Halloween lag gerade mal ein paar Tage zurück, da wandelten durch die beschauliche Ruhrgebietsmetropole Bottrop schon wieder Zombies, Schlitzer und andere gruselig anzuschauende Gestalten. Doch die Polizei musste hier niemand verständigen, denn die karnevalesk kostümierten Kreaturen hatten ohnehin nur ein Ziel: den Saalbau im Zentrum der Stadt, in dem vom 4. bis 6. November nun schon zum 9. Mal das „Weekend of Horrors“ stattfand. Das Fan-Treffen ist längst über die Grenzen des Ruhrgebiets hinaus bekannt und populär, es lockt Genre-Aficionados aus Nah und Fern in den Pott. Neben unzähligen Verkaufsständen, an denen man Filmraritäten auf DVD und BluRay, vereinzelt sogar noch auf Laserdisc, entdecken kann, lockt die WoH insbesondere immer durch ihre hochkarätigen Stargäste.
Diese haben sich insbesondere im Genrekino verdient gemacht und stehen für die vielfältigsten Aktivitäten zur Verfügung. Autogramme gibt es meist den ganzen Tag lang und oft auch an allen drei Tagen der Convention, daneben werden die Prominenten auf dem gruselig dekorierten Podium zu ihrer Karriere befragt und stehen auch für Fragen aus dem Publikum zur Verfügung. Wer möchte, kann sich bei den Photo Calls persönlich mit den Stars ablichten lassen und sich so ein weiteres Souvenir mit nach Hause nehmen. In diesem Jahr waren dermaßen viele Gäste anwesend, dass der Hauptraum im Saalbau aufgrund des Besucherandrangs fast aus den Nähten platzte.

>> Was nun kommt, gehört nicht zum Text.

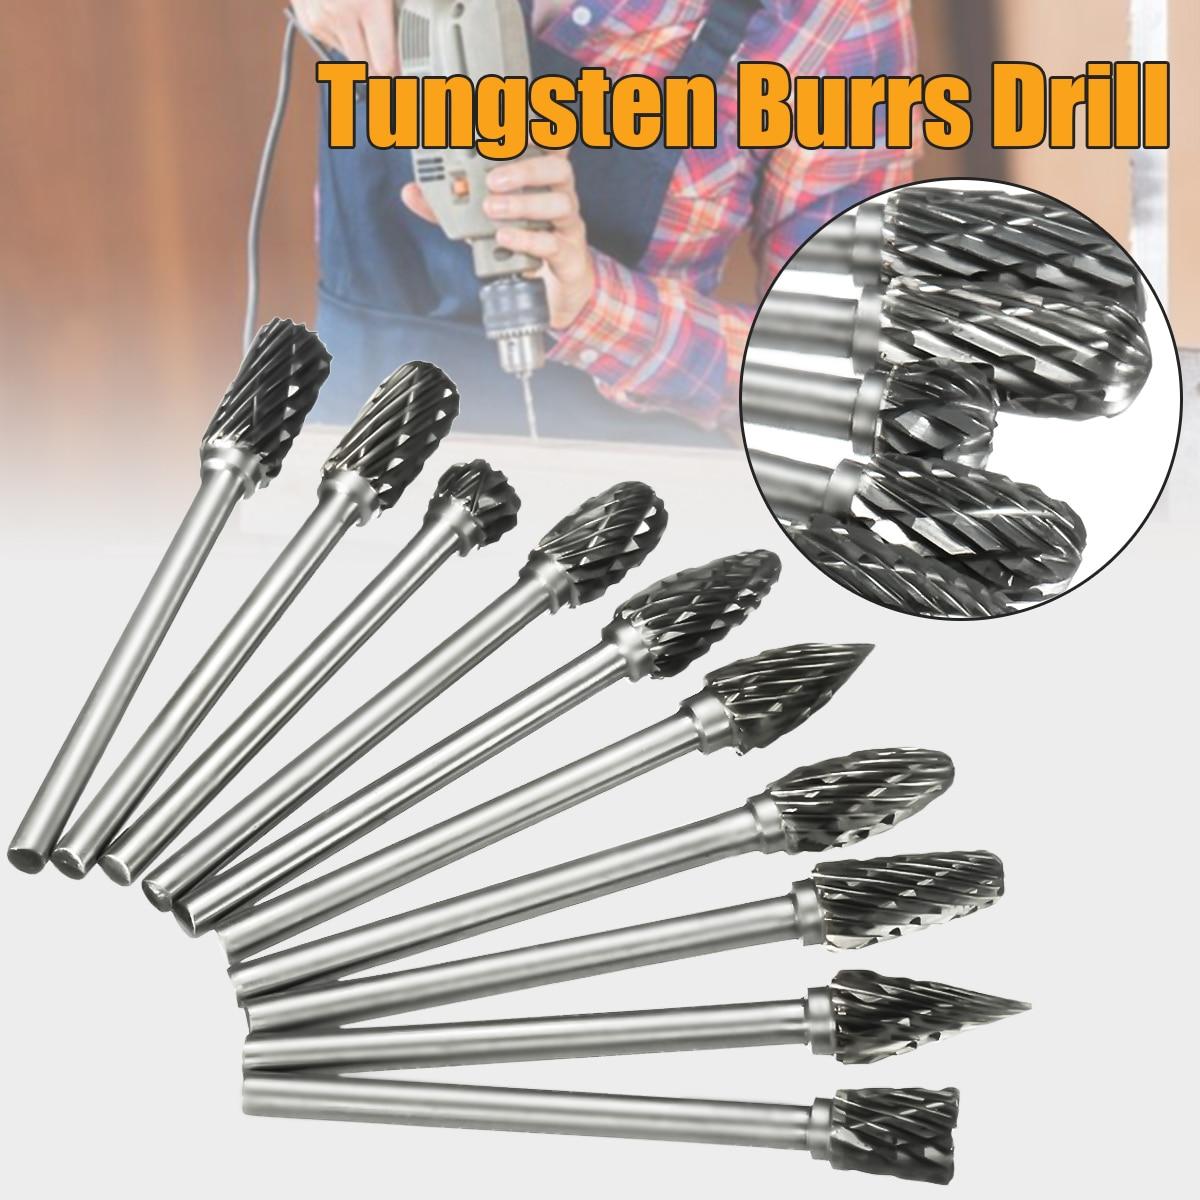 1pcs 10 Model Tungsten Steel Solid Carbide Burrs Rotary Files Diamond Burrs PCB CNC Drill Bit Tool 6mm Hand Tools

Besonders lange Schlangen bildeten sich bei der kleinen „Regan MacNeil“ aus William Friedkins Horrorschocker „Der Exorzist“, der mittlerweile 52-jährigen Linda Blair, die sämtliche Einnahmen aus ihren Autogrammverkäufen ihrer Tierhilfsorganisation „WorldHeart Foundation“ zur Verfügung stellte. Aber auch die italienische Schönheit Asia Argento, Star in „xXx“ oder „Land of the Dead“ und Tochter der Regie-Ikone Dario Argento, war eine der Hauptattraktionen des Wochenendes. Der Wermutstropfen, dass ausgerechnet Top Act Malcolm McDowell („Uhrwerk Orange“) aufgrund von Dreharbeiten kurzfristig absagen musste, wurde mehr als zufrieden stellend durch einen Top-Ersatzmann relativiert: Innerhalb nur weniger Tage war es den Veranstaltern gelungen, anstelle McDowells den Amerikaner Ray Wise („Twin Peaks“, „RoboCop“, „24“) zu engagieren, der mit sichtlicher Freude gut gelaunt in die Bresche sprang.